It turns out that the same concept can be applied to polymer electron microscopy. When imaging soft materials such as polymers, electron beam damage limits the resolution. One theory for the damage mechanism is that when the electron beam interacts with the polymer, it creates free radicals (white circles below), which then diffuse around and cause further damage to the material. In our work, we show that the addition of antioxidants (green circles) into a polymer specimen can neutralize these free radicals, thus minimizing beam damage and improving resolution.

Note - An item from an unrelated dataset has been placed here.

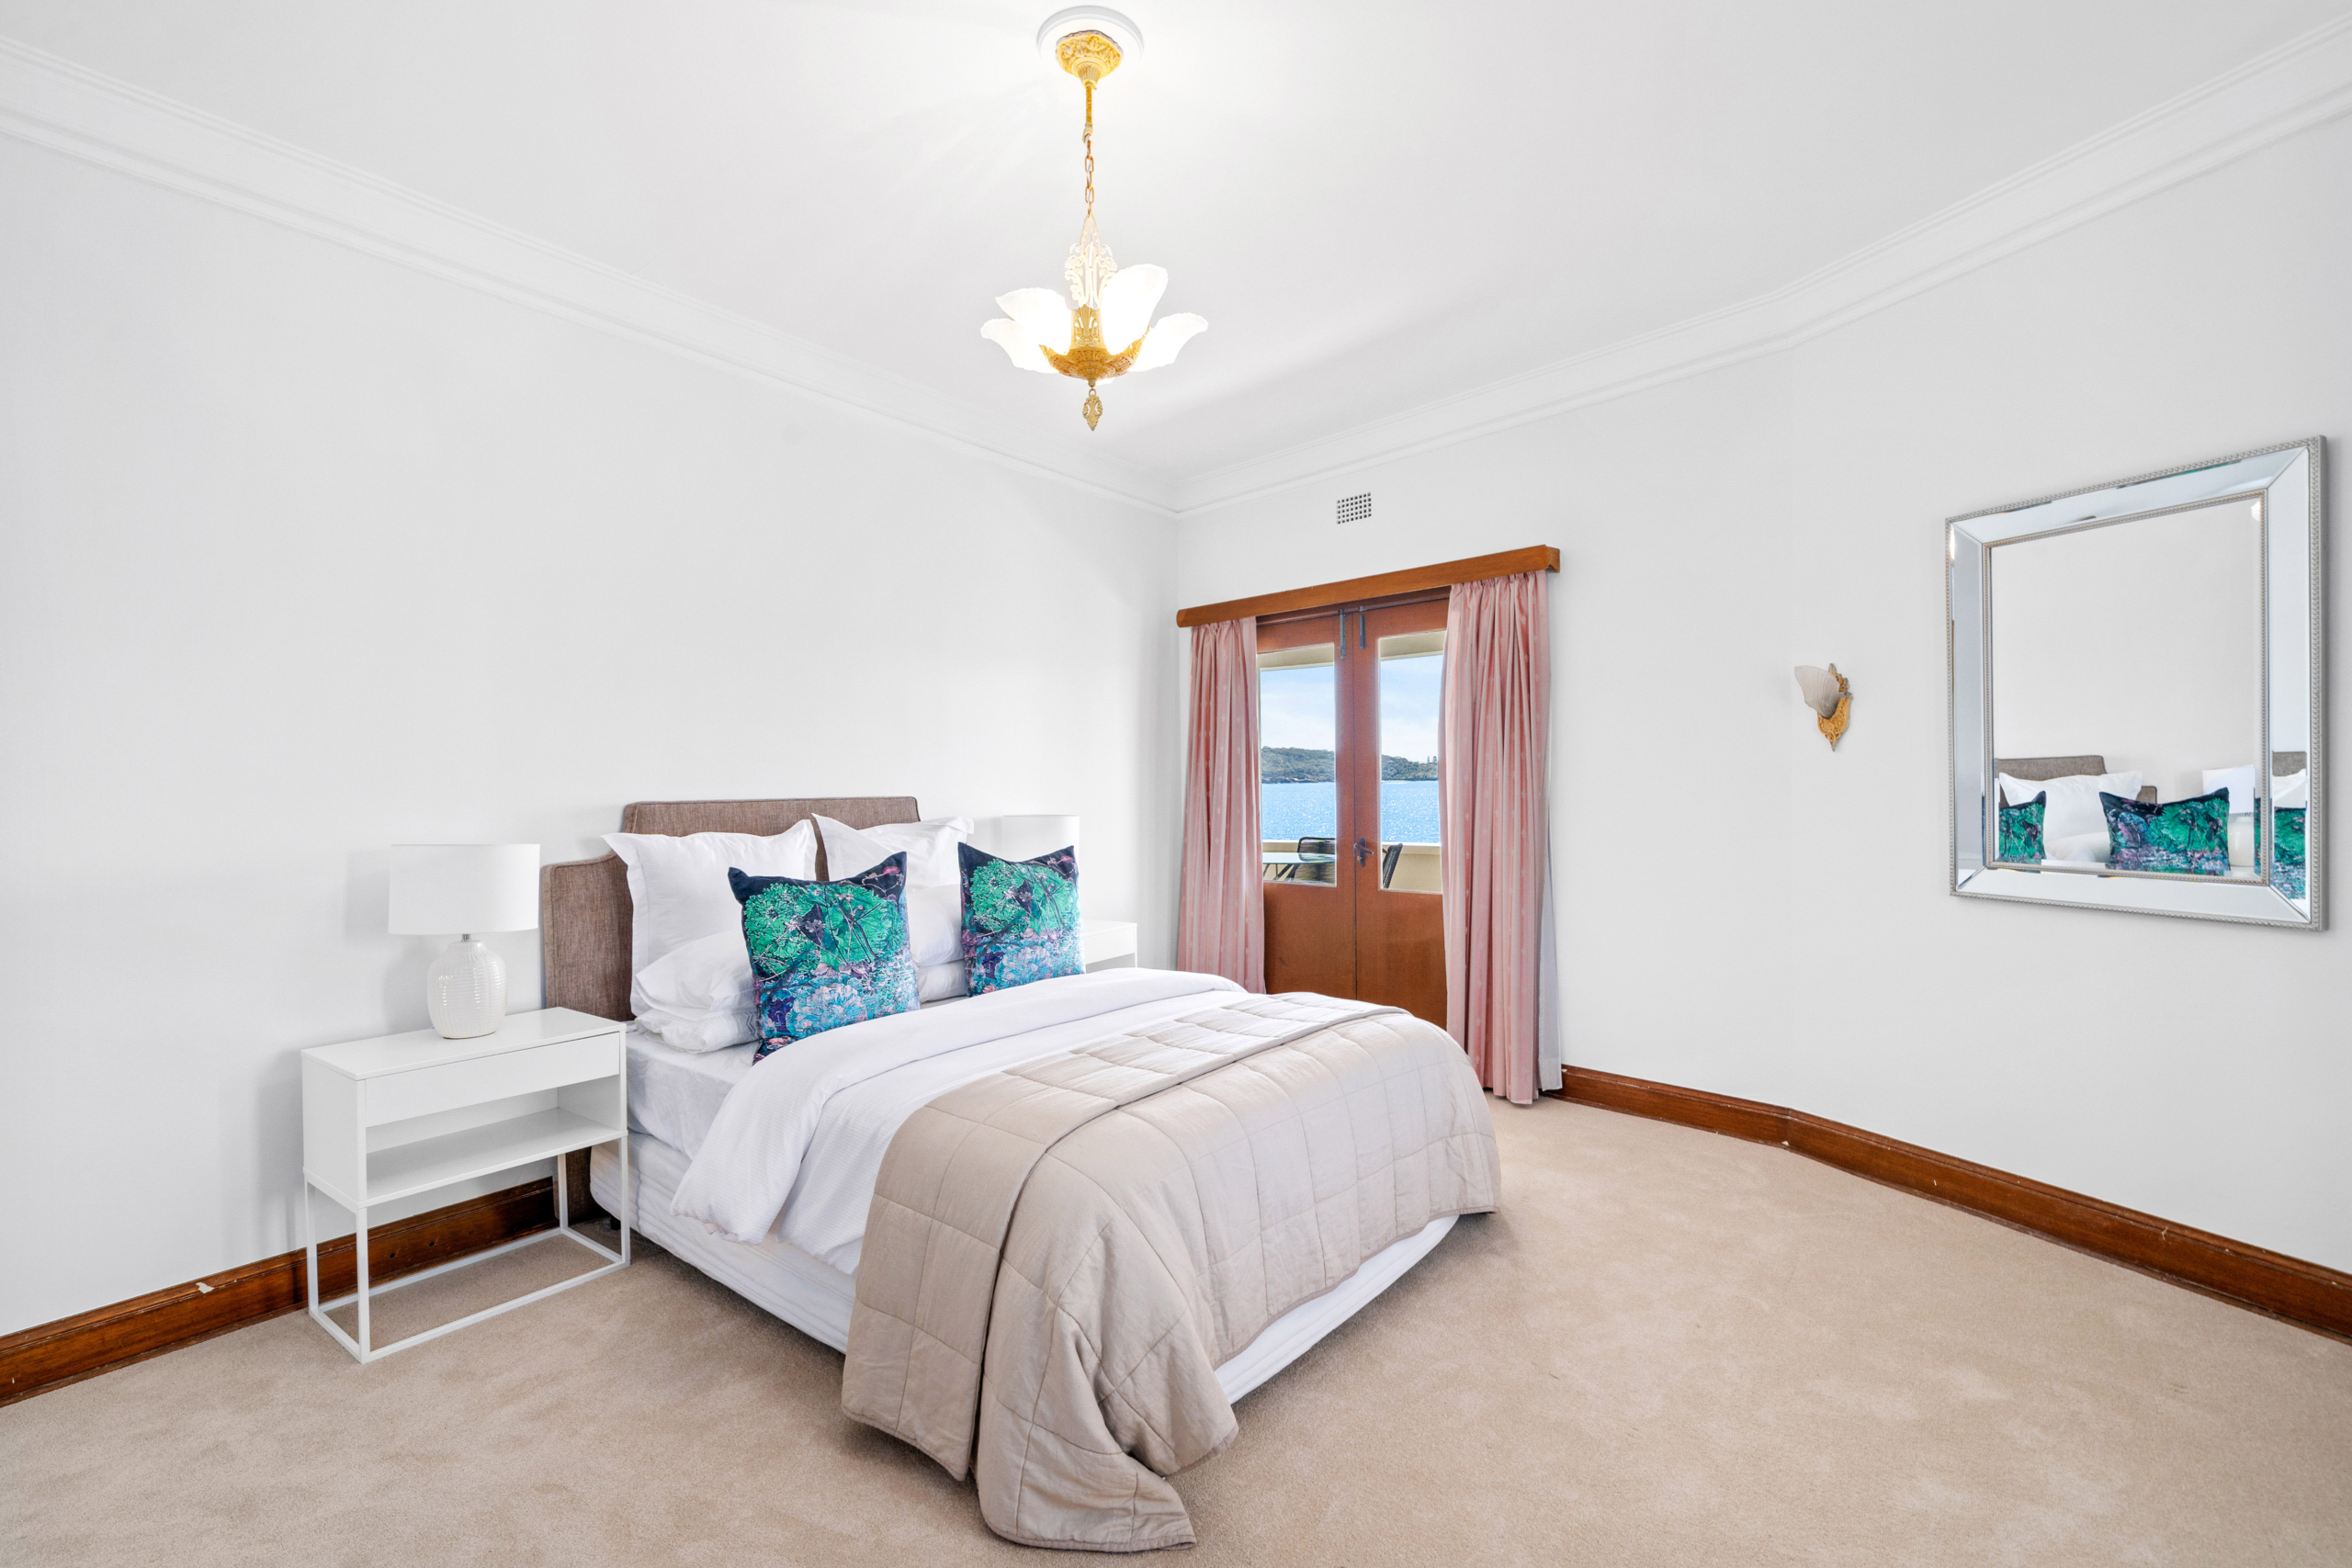 Phòng ngủ dành cho khách này có trần nhà rất cao, bày trí đèn theo kiểu cổ điển và phong cách đơn giản, trang nhã. (Ảnh: Đăng dưới sự cho phép của công ty Sydney Sotheby’s International Realty)

In particular, the polymers investigated in this work are solution-processable conjugated polymers, which have applications in many optoelectronics such as organic light emitting diodes, organic photovoltaics, organic field-effect transistors, and bioelectronics. To date, imaging of this class of polymers has been limited to the 16-22 angstrom lamellar stacking, or the distance between polymer chains lying flat next to each other. By adding antioxidants to reduce damage, we were able to push the resolution limit to 3.6 angstroms, enabling imaging of π-π stacking, the distance between chains stacked on top of each other. By opening the doors to imaging π-π stacking, an important pathway for charge transport, we hope that this work will lead to improved investigations into the relationship between electron transport and morphology in organic electronics.
Until now, the most common strategy for minimizing beam damage in soft materials has been imaging at cryogenic conditions. Our work demonstrates that the addition of antioxidants can reduce damage at room temperature, which could lead to opportunities in high resolution in situ experiments of soft matter.
It is our hope that this work can improve resolution in different soft materials systems while also inspiring further work on the potential of additives as a solution to electron beam damage.